Classifying Abnormal Behavior
Classifying Abnormal Behavior
Objective: At the end of this lesson, students will be able to demonstrate an understanding of the history, uses, and structure of the DSM-IV-TR, apply it to various case Examples, and expand on the criticism of classifying abnormal behavior.
The DSM-IV-TR is revered in today’s psychiatric community as the “Bible” of mental disorders. This manual identifies every recognized mental disorder, the symptomology that constitutes these disorders, and the prevalence of these disorders in society. The DSM was first published in 1952 and has been revised numerous times. Some disorders have been removed, others have been added, and some have been renamed. For example, multiple personality disorder was redefined and renamed when the DSM-IV was created. This disorder is now referred to as dissociative identity disorder. These continuous changes to the DSM have brought criticism to the system of classifying and defining mental disorders. The diagnosis of dissociative identity disorder is one that has brought great controversy among the psychiatric community. The study, conducted by Gigante et al. (2001), revealed that “Canadians harbored significantly more skepticism about the diagnostic legitimacy and scientific validity of dissociative identity disorder and were less accepting than were their American counterparts of the inclusion of dissociative amnesia in the DSM-IV without reservations.” As a result, Gigante et al. suggested:
Groups responsible for subsequent editions of the International Classification of Diseases and the DSM should consider the current lack of professional consensus when deciding whether to include dissociative amnesia or dissociative identity disorder as official diagnoses.

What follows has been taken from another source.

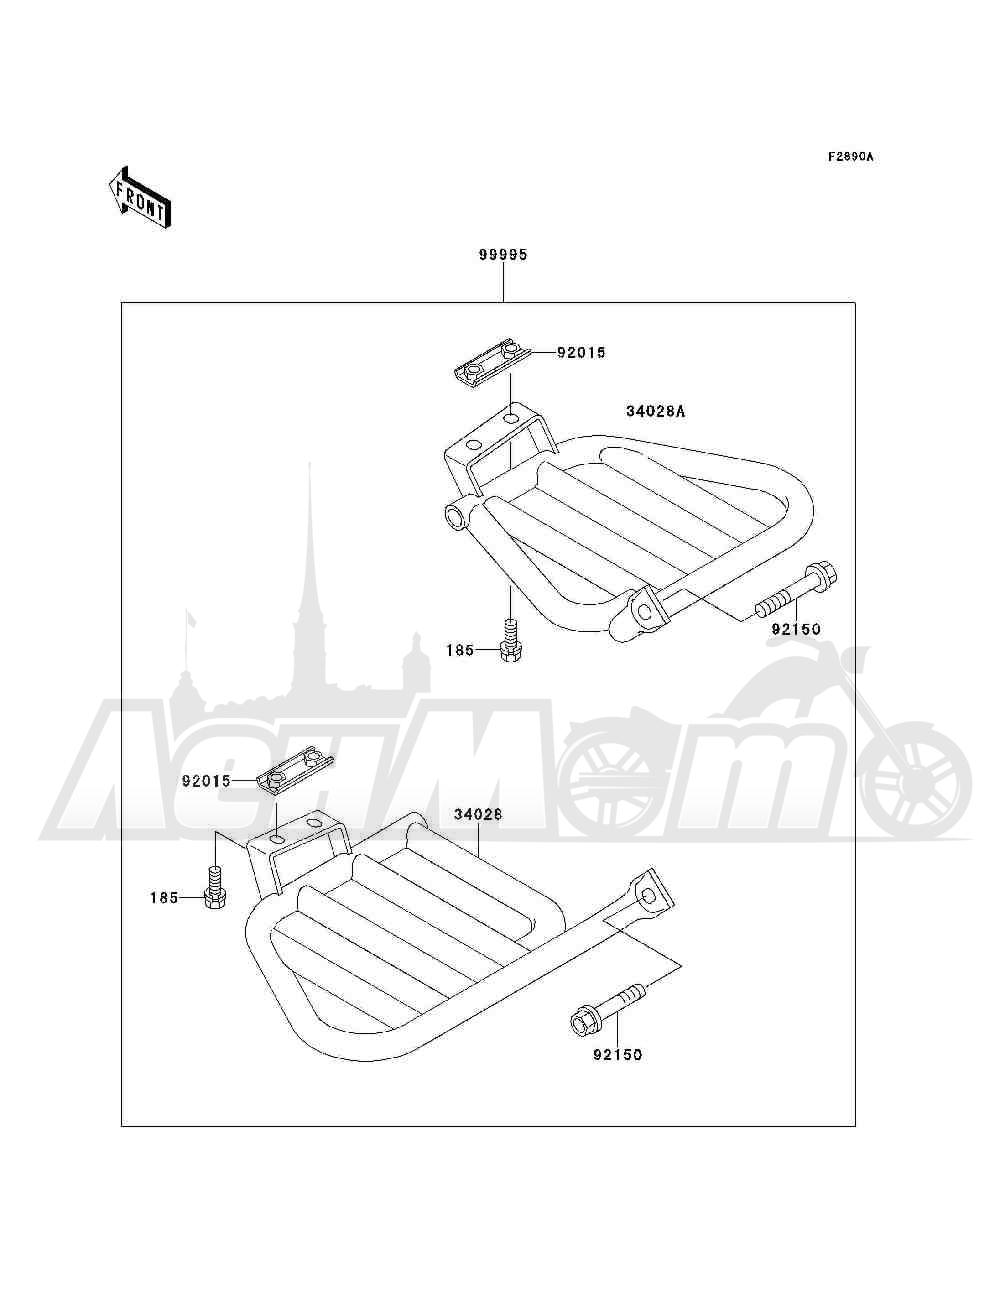 Запчасти для Квадроцикла Kawasaki 1994 BAYOU 300 4X4 (KLF300-C6) Раздел: OPTIONAL PARTS(FOOTRESTS) | опционально детали (подножки)

In addition to this criticism of the DSM, some question how much insurance companies and various lobbyist groups affect the changes to the DSM. Cooper contended, “The fact that third-party payers only reimburse treatment of patients with a DSM diagnosis provides an incentive for psychiatrists and patients to lobby for new disorders to be included in the DSM.” Family therapists have been lobbying since 1970 to have diagnosing suitable to family problems included in the DSM strictly so that therapists can obtain third-party payment for the treatment of such problems. Finally, as insurance companies have increasingly demanded DSM diagnoses for reimbursement for treatment, the diagnosis of neurotic disorders has increased to 70.6%, whereas therapists confidentially report that these diagnoses make up only 28.4% of diagnoses in reality. Fifty-nine percent of social workers admitted to giving a disorder diagnosis for insurance purposes, even though the diagnosis was unwarranted (Cooper, 2004). Even with all the controversy that surrounds the DSM, it remains the authority for the treatment and diagnosing of mental disorders. The DSM-IV-TR classifies mental disorders using a multiaxial system. Each axis is used to note specific things relevant to diagnosing and treating each patient. Information to include on each axis is as follows:
Axis I - Clinical Disorders and Substance-Related Disorders, Other Condition That May Be a Focus of Clinical Attention (V-codes)
Axis II - Personality Disorders, Mental Retardation
Axis III - General Medical Conditions
Axis IV - Psychological or Environmental Problems
Axis V - Global Assessment of Functioning
Axis I consists of most mental disorders and significant life situations referred to as V-codes. Axis II consists of personality disorders and mental retardation. Though the therapist may not be “treating” the mental retardation, it is important for the therapist to know of this condition because it will affect treatment as well as determine if the behaviors constitute a mental disorder are a part of the mental retardation. Axis III consists of significant medical conditions that may affect a person’s behavior, cause great stress to the client, or may be of importance when prescribing medications for psychiatric reasons.